A background RunWorker drains the durable run queue with bounded concurrency and lease-based crash recovery: enqueueing 1,000 runs creates 1,000 durable rows but never 1,000 in-flight tasks, and a run abandoned by a recycled pod is re-queued and resumes from its last checkpoint on another replica. Durable schedules (/crons) and per-run completion webhooks let callers trigger and be notified without holding a connection open.

Observability

Install the OTel extra and configure an exporter; YAAB emits spans following the OpenTelemetry GenAI semantic conventions (gen_ai.*) for every model call, plus token/cost attributes.

pip install 'yaab-sdk[otel]'

Control tracing at runtime — disable it entirely, or scrub PII from span attributes before they're recorded:

from yaab.observability import set_tracing_enabled, set_trace_redactor

set_tracing_enabled(False)                 # global off switch (or YAAB_DISABLE_TRACING=1)

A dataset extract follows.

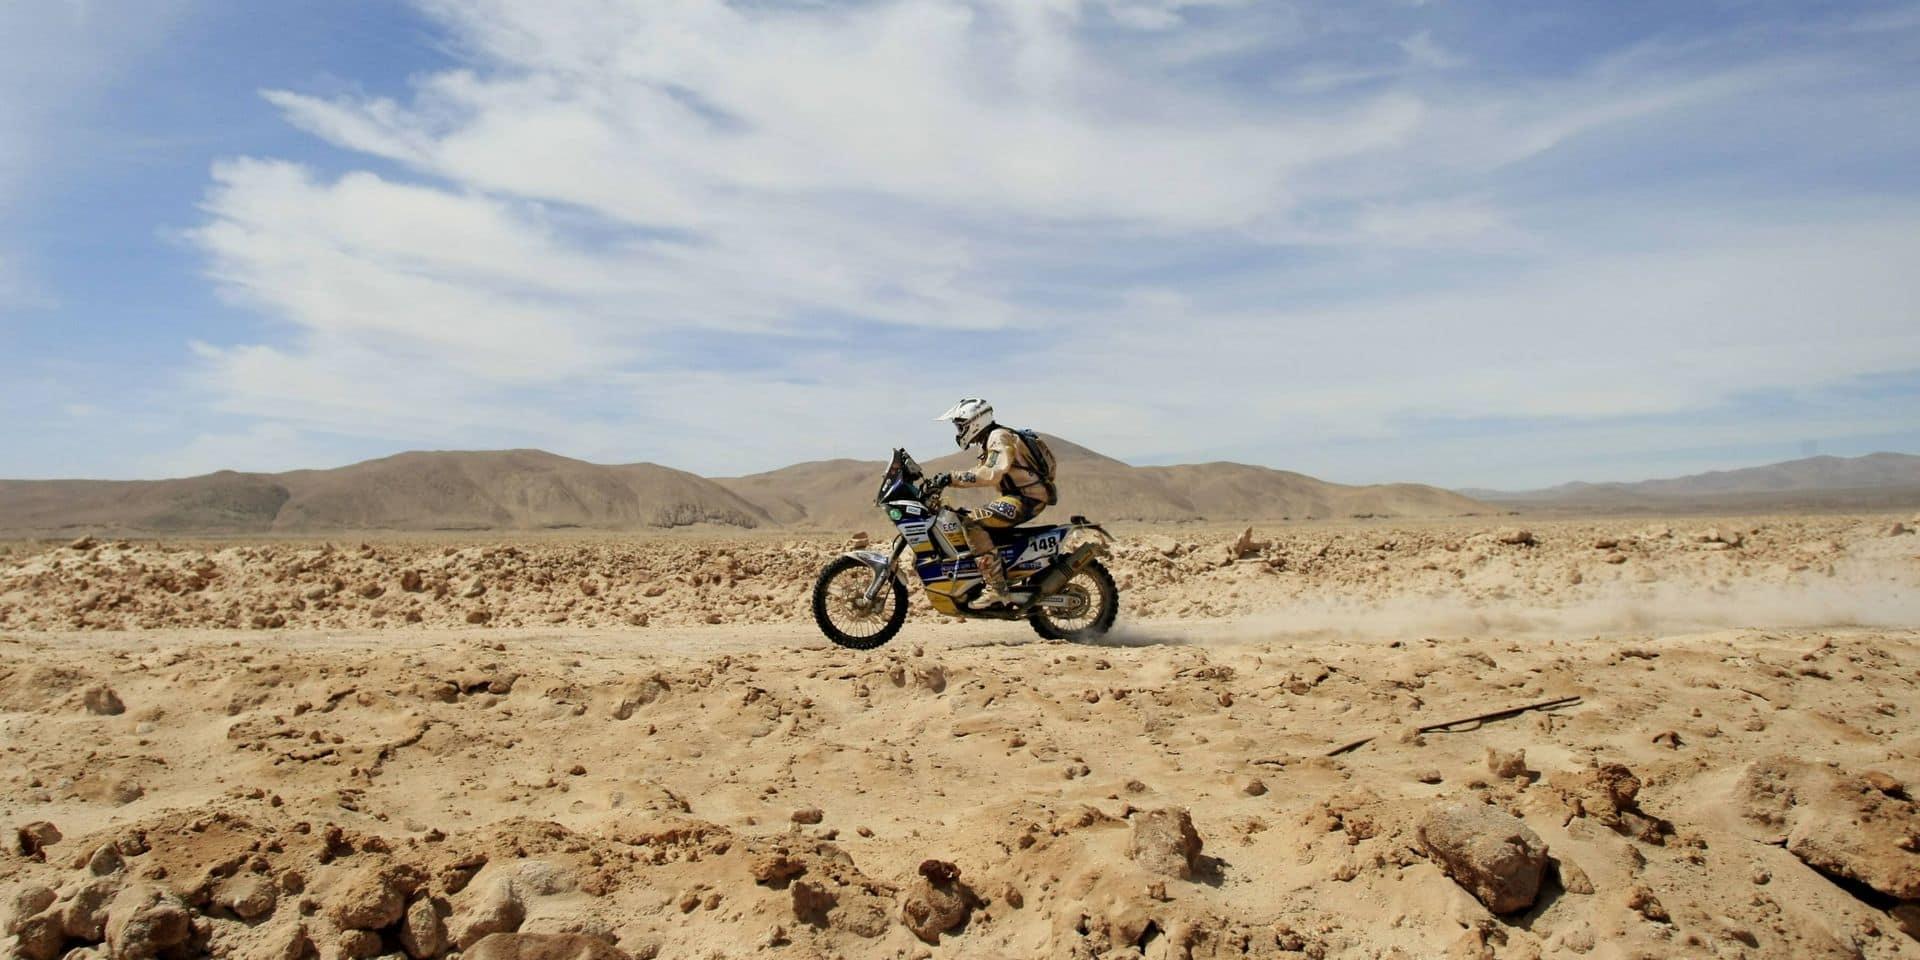 Rallye Dakar 2020 en Arabie saoudite, les droits humains dans la tempête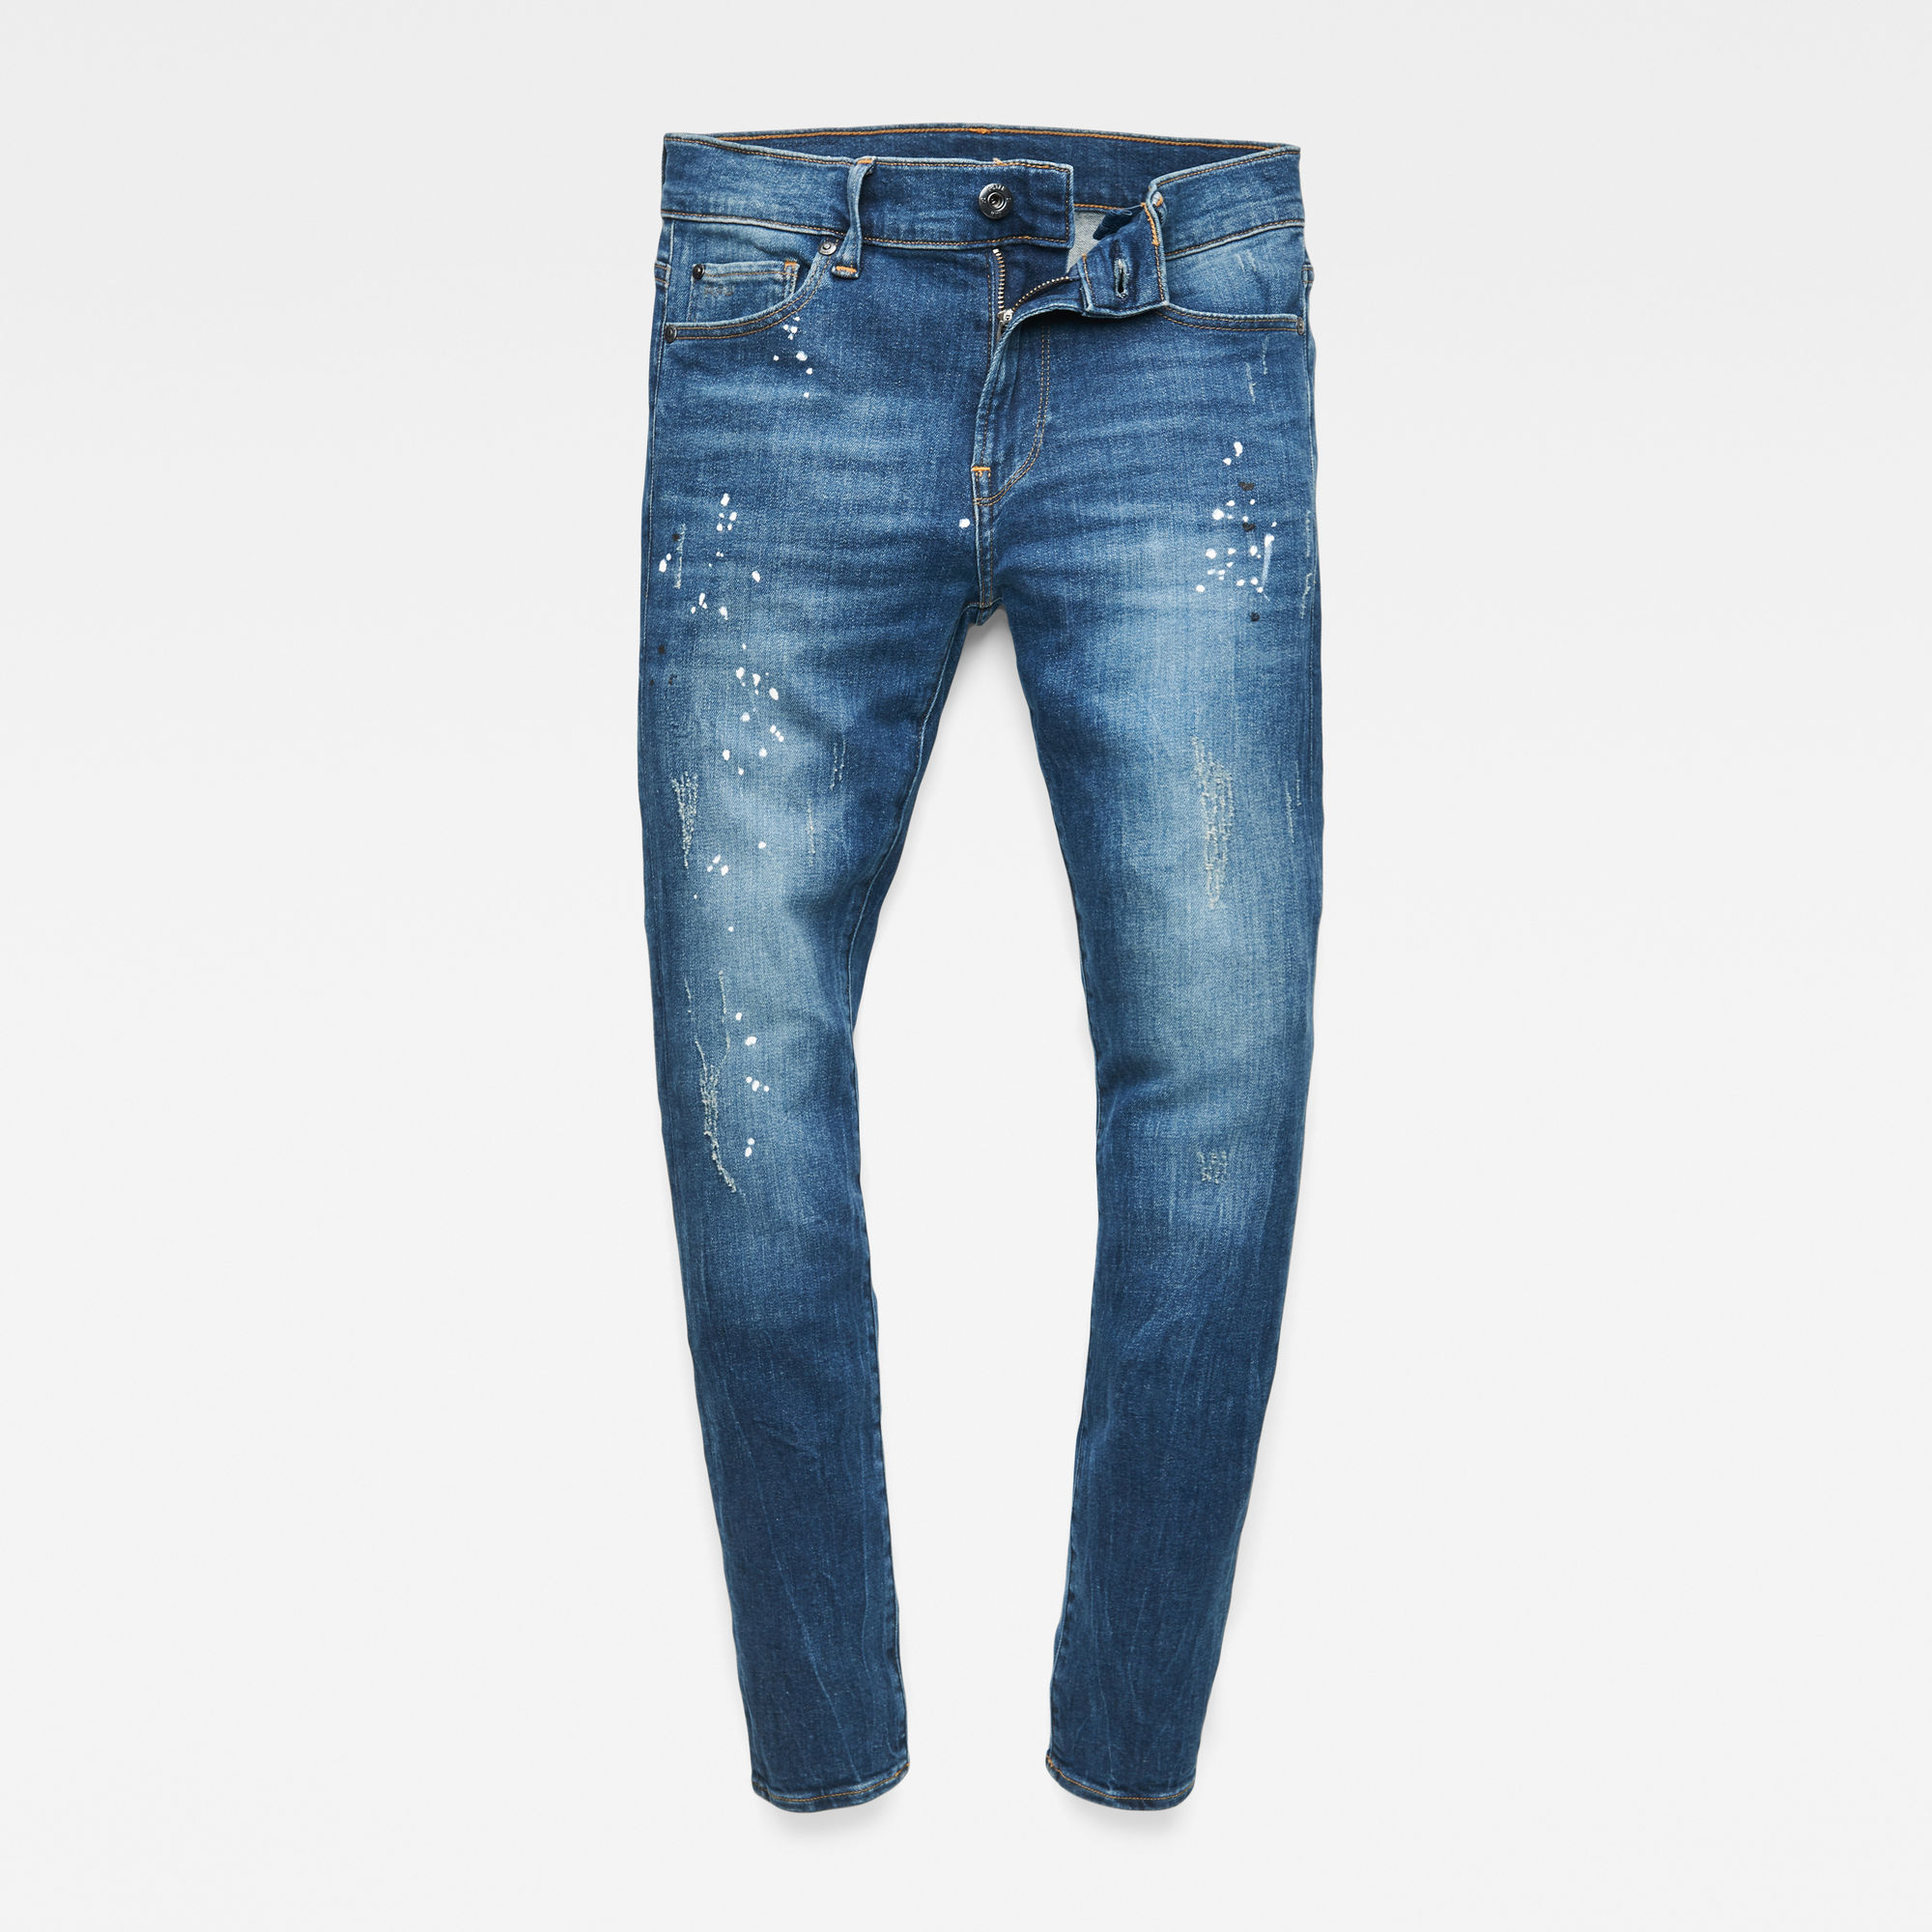 G-Star RAW Jongens 3301 Skinny jeans Blauw

def scrub(key, value):                     # redact sensitive attributes
    return "[REDACTED]" if key.endswith("prompt") else value
set_trace_redactor(scrub)

Governance in production

Run with GovernanceMode.ENFORCING so unregistered/unapproved agents are refused and guardrail blocks stop the run. Generate evidence on demand:

yaab compliance report eu_ai_act --db registry.db